我把辞工的话说给秦夫人听时,她正在绣一幅牡丹图。针线停在半空,好一会儿才落下。
“想家了?”她问。
我点点头,又摇摇头:“九年了,该回去了。”
秦夫人放下绣绷,拉我坐到身边。她的手很暖,轻轻拍着我的手背:“君兰,这些年,委屈你了。阿珩那孩子……脾气是怪了些,但他心不坏。”
“我知道。”我说的是真心话。
秦珩虽然总爱捉弄人,但从未真正苛待过我。我生病时,他会让厨房给我熬药;冬天冷了,他会“不经意”地多领一筐炭放在我屋门口。这些好,我都记得。
“既然你决定了,我也不强留。”秦夫人从妆匣里取出一个荷包,塞进我手里,“这些你拿着,算是我的一点心意。”
荷包沉甸甸的,里面除了银子,还有一对玉镯子。
我推辞不要,秦夫人却执意让我收下:“好孩子,回家后,好好过日子。”
离府那日,是个阴天。
我收拾好简单的行李——几件衣裳,这些年攒的月钱,秦夫人给的荷包,还有大小姐送我的一支银簪。东西不多,一个包袱就装完了。
向左和院里几个相熟的小厮送我到大门口。
“君兰姐,以后常回来看看。”向左眼睛红红的。
我笑着点头,心里却知道,这一走,怕是再也不会回来了。
刚迈出门槛,身后传来急促的脚步声。
“等等!”
我回过头。
秦珩站在台阶上,一身青衫被风吹得鼓荡。他跑得急,额前的碎发凌乱地贴在脸上,胸口起伏着,喘得说不出话。
我们就这么对视着。
九年了,我从七岁的小丫头,长成了十六岁的姑娘;他从十岁的顽劣少年,变成了十九岁的翩翩公子。时间改变了太多东西,唯独没改变我们之间的距离——就像他站在高高的台阶上,而我,始终在台阶下。
“一定要走吗?”他终于开口,声音干涩。
“嗯。”我点点头,“家里给我说了亲事。”
他脸色一白,手指无意识地攥紧了衣襟:“那个人……对你好吗?”
“听说人很好,是打铁的,有手艺。”我尽量让声音听起来轻松些,“爹娘说,跟着他,饿不着。”

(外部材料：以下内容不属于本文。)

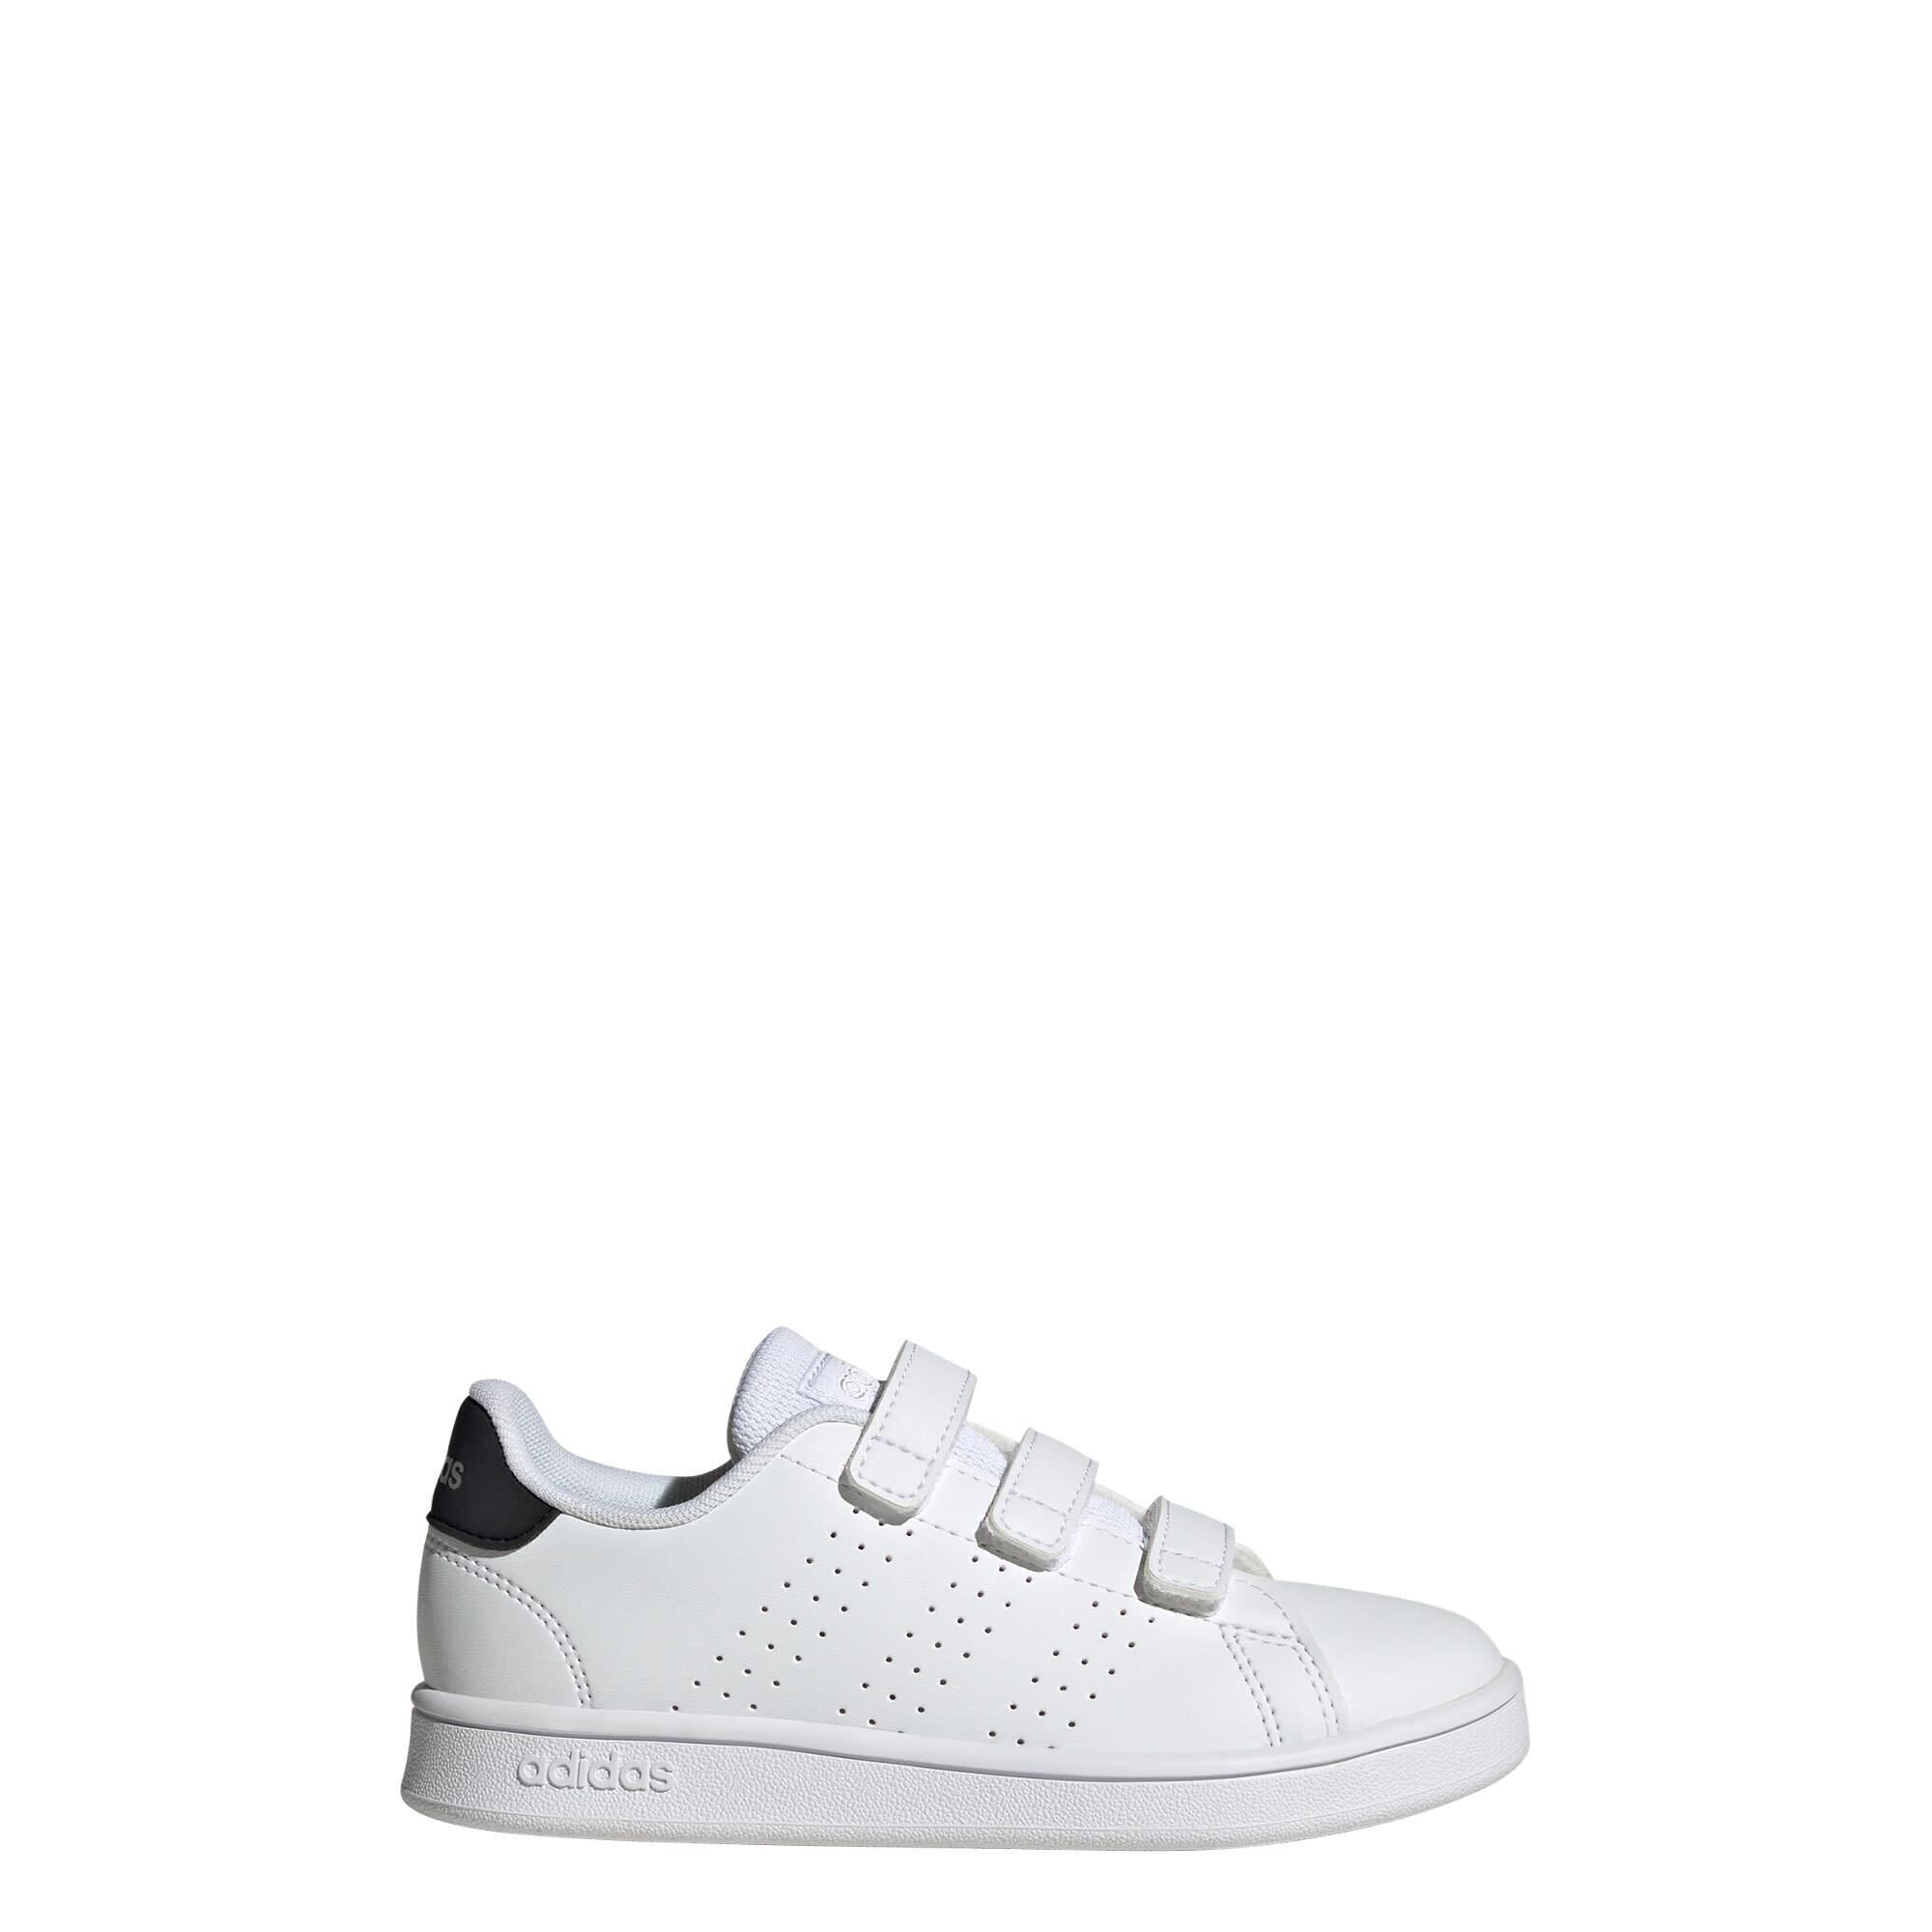 ADIDAS Advantage Court Lifestyle Hook-and-Loop Shoes

秦珩走下台阶,一步,两步,停在我面前。他比我高太多,我要仰着头才能看清他的脸。此刻,他那双总是盛着骄傲或戏谑的眼睛里,翻涌着痛苦、挣扎,还有许多我读不懂的东西。
“如果……”他喉结滚动,“如果我说,我不想让你走呢?”
我愣住了。
“君兰。”他第一次叫我的名字,不是“喂”,不是“那个谁”,而是我的名字,叫得那么轻,那么小心翼翼,“这些年,我习惯了你在身边。早上醒来,能看到你打扫房间;读书累了,一抬头,就能看见你在院子里浇花。我习惯了……习惯了你。”
他的眼眶红了:“我知道,我以前对你不好,总欺负你。我后悔了,真的后悔了。你能不能……留下来?”
风吹过街角,卷起几片落叶。远处传来货郎的叫卖声,混着孩童的嬉笑,一切都那么真实,又那么遥远。
我看着眼前这个锦衣玉食的公子,想起七岁那年,第一次见他时,他说:“就她?哪里配伺候本公子。”
是啊,哪里配呢?
他是天上的月亮,皎洁明亮,众人仰望;我是地上的泥土,平凡卑微,无人留意。月亮偶尔会照亮泥土,但那光,终究是借来的,不是自己的。
“公子。”我后退一步,拉开我们之间的距离,“谢谢您这些年的照拂。但君兰该回家了。”
他的眼泪终于掉下来,一颗接一颗,砸在青石板上,洇开深色的水渍。那个总是骄傲的、不可一世的秦府小公子,此刻哭得像个孩子。
“我后悔了……”他重复着这句话,声音破碎得不成样子。
我最后看了他一眼,转身,走进熙熙攘攘的人流。
没有再回头。
我知道,有些缘分,从一开始就写好了结局。就像桃花不会在冬天盛开,鱼儿不会离开水生活。我和他,本就是两个世界的人,偶然交错,已是幸运。
如今,该各自回到各自的轨迹了。
街角的槐树开花了,白色的花瓣纷纷扬扬落下。我伸手接住一片,想起很多年前,秦珩曾指着这棵树说:“等花开的时候,我给你摘一筐。”
那时我十岁,他十三岁。
承诺随风散了,花年年都会开。
而我,要回家了。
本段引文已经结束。